A series of 1,4-bis(2,3-dihydro-5-oxopyrrol-4-yl)-1,3-butadienes were designed as inhibitors of checkpoint kinase 1 (Chk1), based on the structureaEuro'activity relationships for known inhibitors through docking simulations. The docking results suggested that the title compounds were similar to known inhibitors in interaction with the catalytic site of Chk1. Twelve compounds were synthesized by a one-pot procedure from amines, dimethyl acetylenedicarboxylate, and glyoxal in water in the presence of catalytic amounts of gamma-cyclodextrin. The inhibitory activities of the synthesized compounds were evaluated in vitro using EC9706 esophageal cancer cells. The results indicated that 1,4-bis(2,3-dihydro-5-oxopyrrol-4-yl)-1,3-butadienes significantly inhibited Chk1 (IC50 10.45 mu M).

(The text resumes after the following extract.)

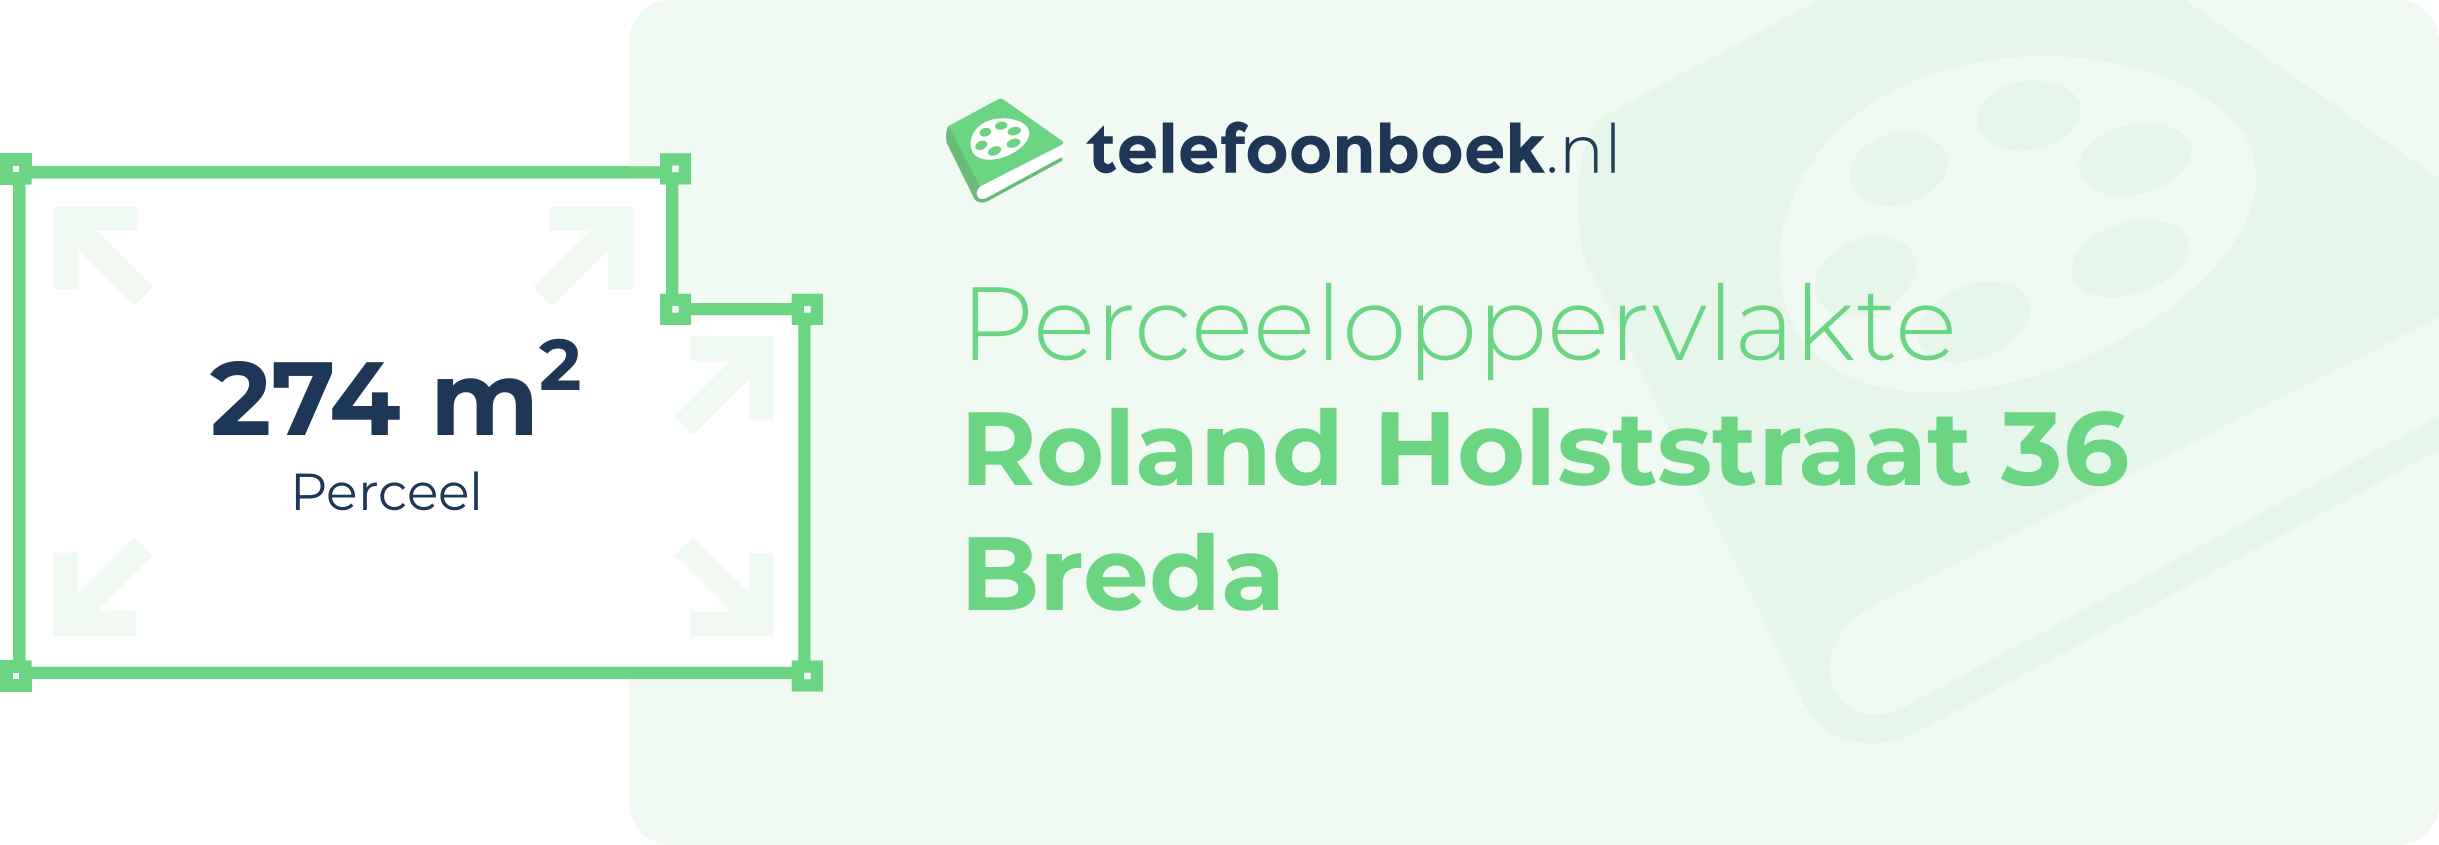 Perceeloppervlakte Roland Holststraat 36 Breda

机译:基于已知的结构抑制性关系关系,设计了一系列1,4-BIS(2,3-二氢-5-氧化吡咯-4-基)-1,3-丁二烯,作为检查点激酶1(CHK1)的抑制剂 通过对接模拟抑制剂。 对接结果表明标题化合物与已知抑制剂类似于与CHK1的催化位点相互作用。 在催化量的γ-环糊精存在下,通过从胺,二甲基二羧酸甲酯和乙二醛在水中的一罐方法合成12种化合物。 使用EC9706食道癌细胞在体外评估合成化合物的抑制活性。 结果表明,1,4-双(2,3-二氢-5-氧气 - 4-基)-1,3-丁二烯,显着抑制CHK1(IC5010.45μm)。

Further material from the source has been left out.